13, Suzie, Here’s a consoling thought: Federal judges, like doctors, lawyers and a bunch of the rest of us, exist in something like a bell curve, with a batch of ‘em below average and some even well below average, before the bottom of the curve, and the barrel are hit.
Some of the critiques I’ve read on this judge’s decision indicate he isn’t on the upper side of the curve.
Suzie,
I guess having one federal judge out of 1774 agree with you is not bad. Ultimately the only opinions that will count in this matter are the nine judges currently sitting in Washington, DC, otherwise known as the Supremes.
Wow, Ron. Did 1774 hear Cuccinelli’s case? You’d make a great Democrat candidate for public office with your intellect. Please run.
Re:
# 18 “Ultimately the only opinions that will count in this matter are the nine judges currently sitting in Washington, DC, otherwise known as the Supremes.”
———
Yup!
For those who might care, I posted links to some good reads (not just one sided) on the cases & SCOTUS back on the thread “Cuccinelli found a judge who would strike down health-care law” @ http://tinyurl.com/237xahw
Handicapping/predicting SCOTUS is a tricky business. IMHO, neither side has a lock-in.

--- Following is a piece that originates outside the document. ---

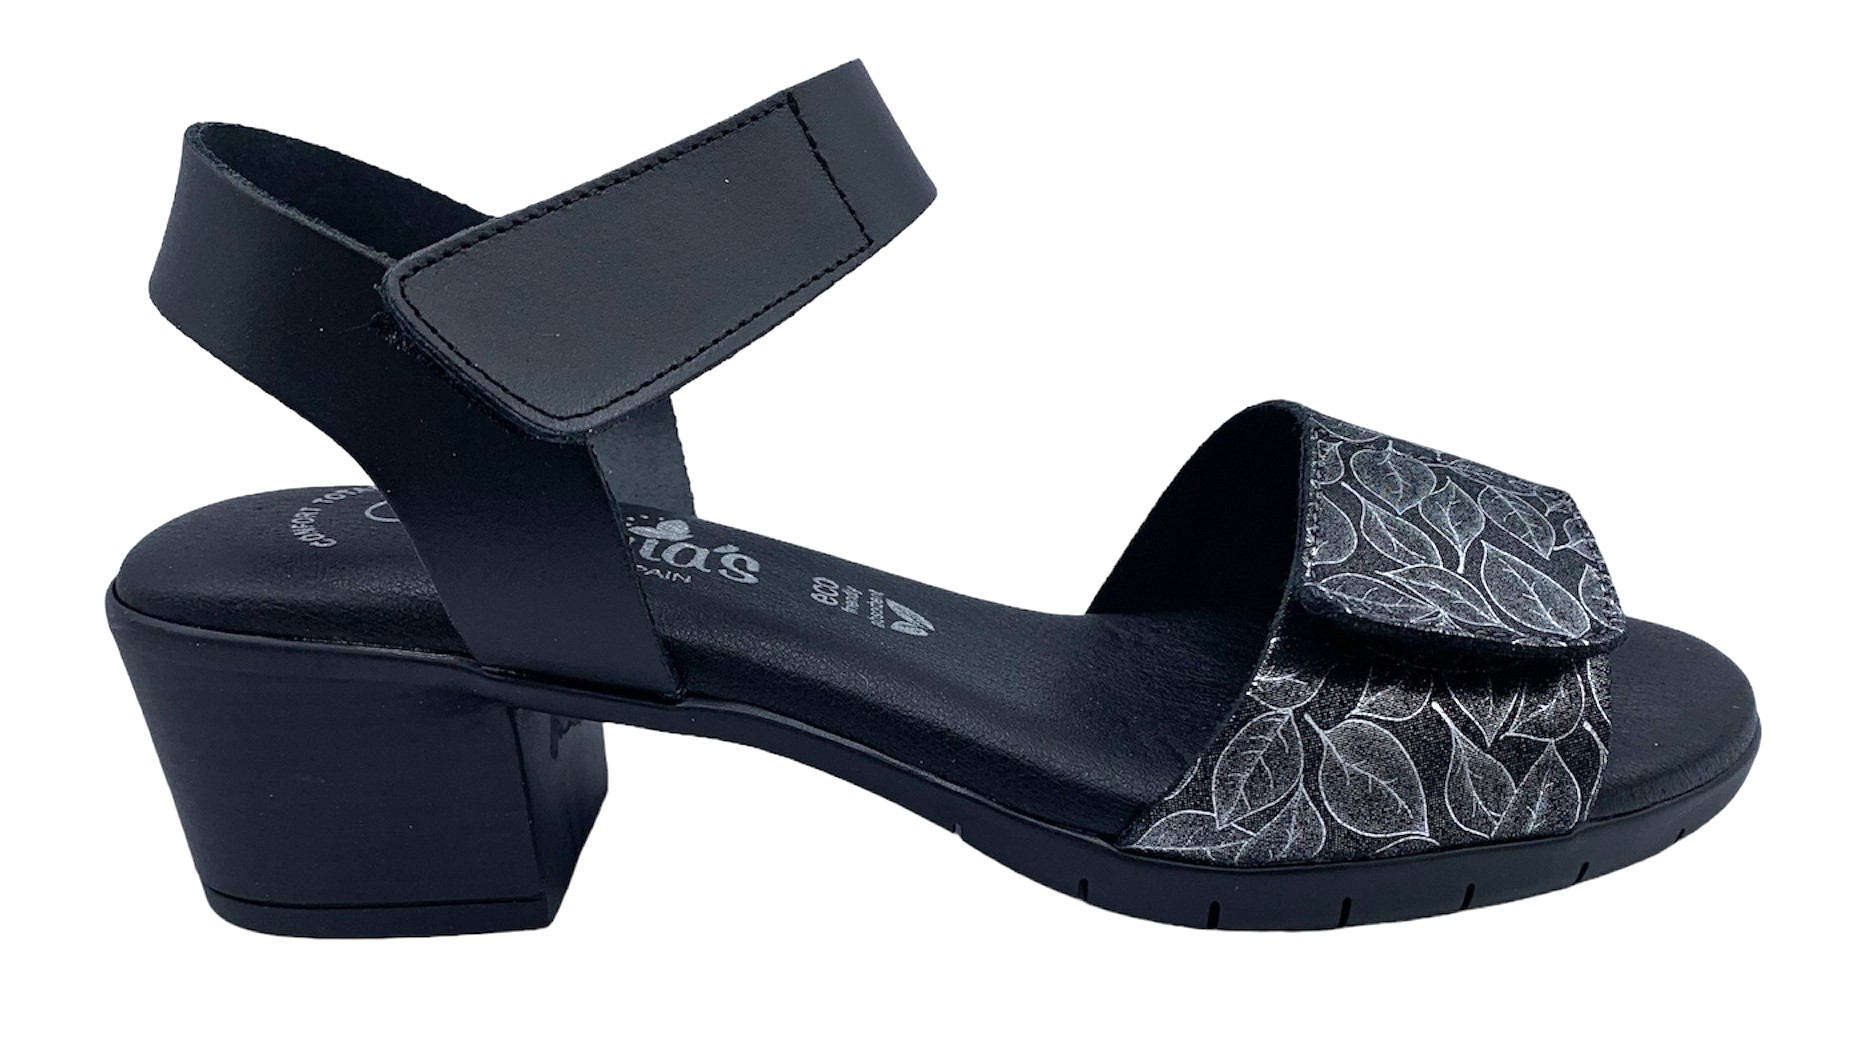 Dámské kožené sandále na podpatku MISSTIC 1172 černé Velikost: 39 (EU)

“So this year, we sympathetically award Hunt the Dano for Elected Official with Parenting Issues”
Dan,
Who is/are “we”? What “we” did the selecting?
@#21
“We” are the posters on the blog. Remember this thread?
http://blogs.roanoke.com/dancasey/2010/11/28/we-are-taking-nomination-for-the-2010-dano-awards/#comments
I’m sure Dan did the final selections, but the ideas came from his blog readers.
VT,
Those are the nominations. I want to know who the “we” is that made the final decison on who got the Dano.
Suspect it was a self appointed committee of…. one.
If so, why use the word “we”?
#24 It’s a type of n expression used in many places, Bob H, including the medical community, as in “How are we feeling today?” WE’RE not talking about a national crisis here, Bobby.
Wonder why BobH thinks they’re called the “Danos”? Duh!
Gdad,
My doctor only asks me “how are YOU doing today?”
We is usually used when someone is trying to distance themselves from a decison they solely made.
#27 Riiiight, Bob H. Dan is trying to distance himself by writing about it in the paper. That makes lots of sense. That’s what I always do.